So why did the CCP publicize my expulsion from the Party? The Central Party School posted a notice about it that spread nationwide. In fact, I had a fairly big impact within the CCP, because I had a lot of students. I have taught in every province and every institution, of course, like Xinhua and the State Council Information Office, the central government’s foreign news office. On top of that, I taught in the Central Organization Department, which is in charge of Party education for grassroots-level Party members. I made a series of recordings for them, because at that time Party ideology was liberated [and] even though some things were off-limits politically, there was still room for free thought. They wanted good teachers, so that’s how it was.
So what made you stand up and say publicly, ‘I disagree’; to go against the Party and Xi Jinping?

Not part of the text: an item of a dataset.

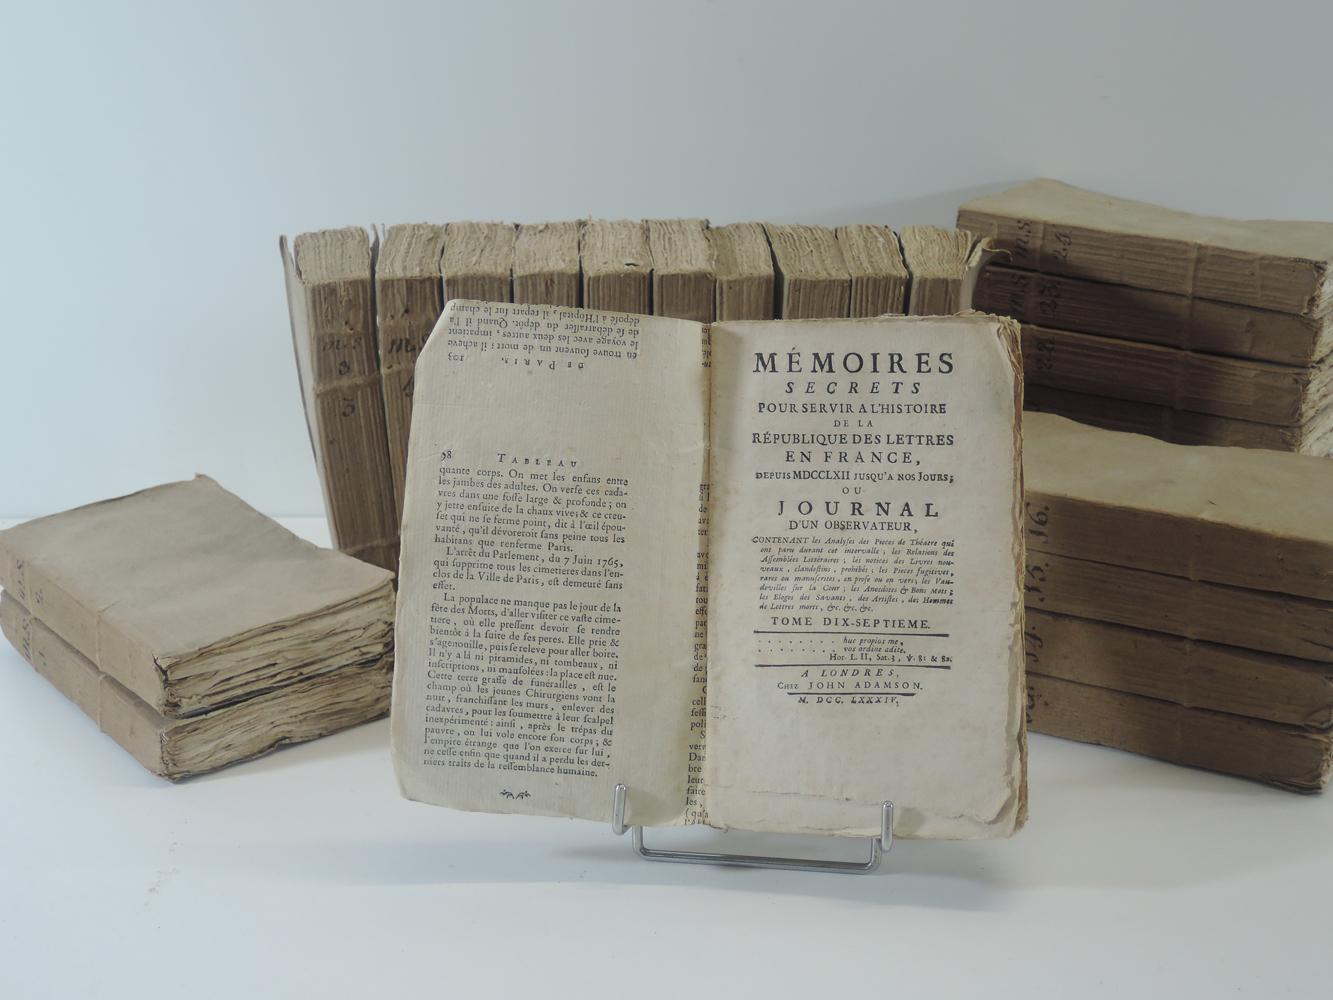 louis-petit-de-bachaumon-memoires-secrets-pour-servir-a-l-histoire-de-la-republique-des-lettres-en-france-de-1762-a1787-chez-john-adamson-londres-1784--6

My parents were among the [more] cultured officials in the CCP. A lot of Party officials, like the Eighth Route Army and the New Fourth Army, fought their way into Beijing and took control of the country, then took off their military uniforms and became leading cadres, but they couldn’t read. They were called worker-peasant cadres. Worker-peasant cadres had no culture whatsoever; only when they joined the CCP did they start to slowly learn to read. People with a third-grade reading level became local leaders. But not my parents, who had gone to private school, putting them among those in the Party with a little bit of culture. They had a bit more experience with the traditional cultural education of the past.
On top of that, they joined the Communist Party. All those Party sayings, “serve the people with your heart and soul,” “hard work and plain living,” they embodied that. They taught me to think of the interests of the people and the country. I’m not saying I’m so wonderful; [I’m saying that] this forms a concept in your mind. You use this basic concept to judge what is in your own self-interest, and what is better for the country. It’s a basic standard, by which to judge right from wrong.
When I joined, the atmosphere at the Central Party School was open. The reason my lectures were so well-received is that the CPS encouraged open-mindedness. And also, there was so much news in Beijing, and so many new books to read. As long as you kept on reading and thinking, and your basic mindset wasn’t conservative, your own ability to judge things was an asset to the country and the Party. That’s absolutely how you taught back then. It was the wave of the times and of society. Open-mindedness was at the heart of inner-Party thinking, so officials judged your courses on how open-minded you were, whether you thought independently about issues. This is one reason why I [eventually spoke] up, because I’ve been this way ever since I was young.
The second reason is that I come from a military family. I’m an army kid. I grew up on an Army base. What does the army do? They fight. I myself served as a soldier for nearly a decade. The army doesn’t equivocate. If you have something to say, just get to the point, because in the army you can’t lie. That’s not to say that the CCP army doesn’t lie. They certainly have committed many falsehoods. But my father and his generation came out of combat, including my mother. People who have been in combat know what it’s like, what the battlefield is like, what you yourself are like. If you don’t tell the truth, you are dead. So people who have been in the army for a long time, including people who grew up on a base such as myself, the children of military cadres, are much more candid than the children of local leading cadres. We’re straightforward. This is the effect the army has on us. That’s why we are better able to express ourselves directly. We don’t equivocate, we didn’t learn how; we didn’t have that environment.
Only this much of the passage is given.